A metrics pipeline collects numeric time-series data from every service and infrastructure component, aggregates it efficiently, stores it compactly, and powers real-time alerting and dashboards. This guide walks through a production-grade design from ingestion to alert delivery.
Requirements
Functional Requirements
- Accept counters, gauges, histograms, and summaries from services
- Aggregate raw data points into rollups (1-minute, 1-hour, 1-day)
- Store raw data for 7 days; rollups for 30 days (1-min) and 1 year (1-hr)
- Evaluate alert rules every 60 seconds; deliver notifications via PagerDuty/Slack/email
- Protect against cardinality explosion
Non-Functional Requirements
- Ingest: 5M data points/sec
- Query latency: p99 < 500ms for last-1h dashboard queries
- Durability: no metric loss after acknowledgment
- Cardinality limit: 10,000 unique tag combinations per metric name
Data Model
MetricPoint Schema (TimescaleDB Hypertable)
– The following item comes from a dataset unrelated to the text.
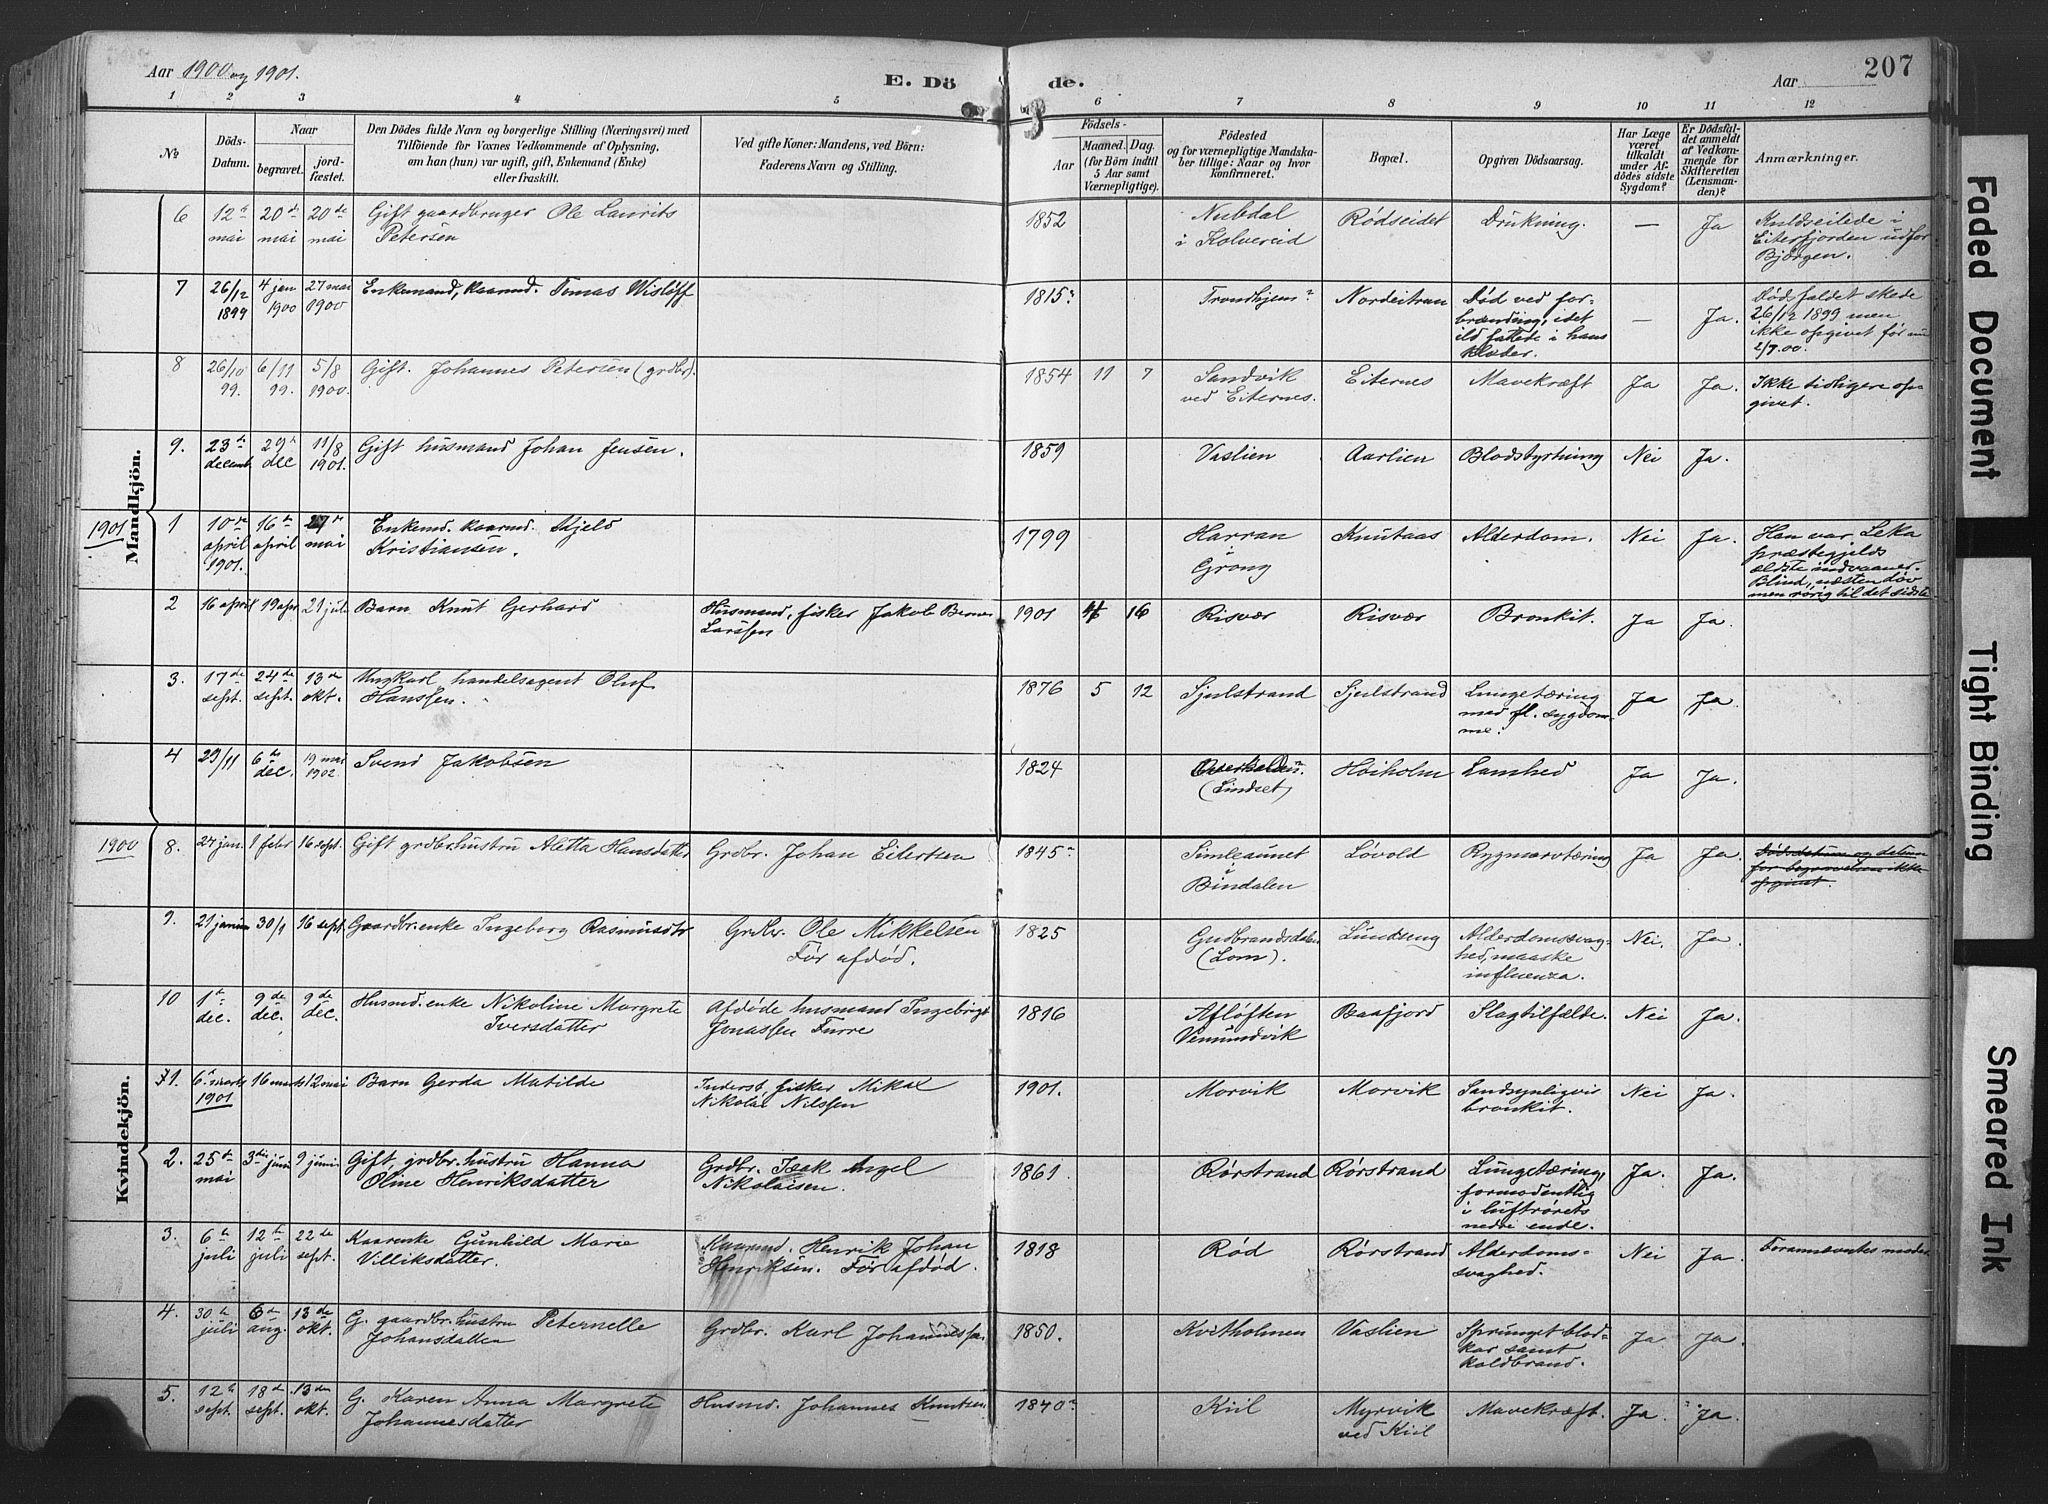 SAT, Ministerialprotokoller, klokkerbøker og fødselsregistre - Nord-Trøndelag, 789/L0706: Klokkerbok nr. 789C01, 1888-1931, s. 207

CREATE TABLE metric_points (
metric_name VARCHAR(255) NOT NULL,
tags JSONB NOT NULL DEFAULT '{}',
value DOUBLE PRECISION NOT NULL,
timestamp TIMESTAMPTZ NOT NULL
);
-- Convert to hypertable partitioned by 1-hour chunks
SELECT create_hypertable(
'metric_points',
'timestamp',
chunk_time_interval => INTERVAL '1 hour'
);
-- Composite index for fast per-metric queries
CREATE INDEX idx_mp_metric_time ON metric_points (metric_name, timestamp DESC);
-- GIN index for tag filtering
CREATE INDEX idx_mp_tags ON metric_points USING GIN (tags);
Rollup Tables
CREATE TABLE metric_rollup_1m (
metric_name VARCHAR(255) NOT NULL,
tags JSONB NOT NULL DEFAULT '{}',
bucket TIMESTAMPTZ NOT NULL, -- truncated to 1 minute
min_val DOUBLE PRECISION NOT NULL,
max_val DOUBLE PRECISION NOT NULL,
avg_val DOUBLE PRECISION NOT NULL,
sum_val DOUBLE PRECISION NOT NULL,
count_val BIGINT NOT NULL,
p50 DOUBLE PRECISION,
p95 DOUBLE PRECISION,
p99 DOUBLE PRECISION,
PRIMARY KEY (metric_name, tags, bucket)
);
-- Mirror structure for 1-hour rollups
CREATE TABLE metric_rollup_1h (LIKE metric_rollup_1m INCLUDING ALL);
Alert Rules Schema
CREATE TABLE alert_rules (
id UUID PRIMARY KEY DEFAULT gen_random_uuid(),
name VARCHAR(255) NOT NULL,
metric_name VARCHAR(255) NOT NULL,
tag_filter JSONB, -- e.g. {"env":"production"}
condition VARCHAR(10) NOT NULL, -- gt | lt | gte | lte | eq
threshold DOUBLE PRECISION NOT NULL,
window_minutes INT NOT NULL DEFAULT 5, -- evaluation window
severity VARCHAR(20) NOT NULL, -- critical | warning | info
notification_channel VARCHAR(255) NOT NULL, -- pagerduty | slack | email
enabled BOOLEAN NOT NULL DEFAULT TRUE,
last_fired_at TIMESTAMPTZ,
created_at TIMESTAMPTZ NOT NULL DEFAULT NOW()
);
Architecture
Pipeline Overview
┌──────────────────────────┐
│ Services / Hosts │
│ (Prometheus exporters, │
│ StatsD clients) │
└────────────┬─────────────┘
│ push (StatsD UDP) / pull (Prometheus scrape)
▼
┌────────────────────────┐
│ Ingestion Gateway │ validates, normalizes, checks cardinality
│ (stateless, N pods) │
└────────────┬───────────┘
│ produce to Kafka
▼
┌────────────────────────┐
│ Kafka Cluster │ topic-per-metric-type (counters / gauges / histograms)
│ 64 partitions each │
└───────┬────────────────┘
│ consume (consumer group)
▼
┌────────────────────────┐ ┌──────────────────────┐
│ Aggregation Workers │───────▶│ TimescaleDB │
│ (stateful, per-shard) │ │ (raw + rollups) │
└────────────────────────┘ └──────────────────────┘
│
┌───────────▼──────────────┐
│ Alert Evaluator │
│ (runs every 60s) │
└───────────┬──────────────┘
│
┌───────────▼──────────────┐
│ Notification Router │
│ PagerDuty / Slack / Email│
└──────────────────────────┘
Ingestion
StatsD/Prometheus Push Gateway
# StatsD wire format (UDP)
api.request.duration:142|ms|#env:production,service:checkout
api.requests.total:1|c|#env:production,service:checkout,status:200
memory.used_bytes:536870912|g|#host:ip-10-0-1-42
# Prometheus push gateway (used by batch jobs that can't be scraped)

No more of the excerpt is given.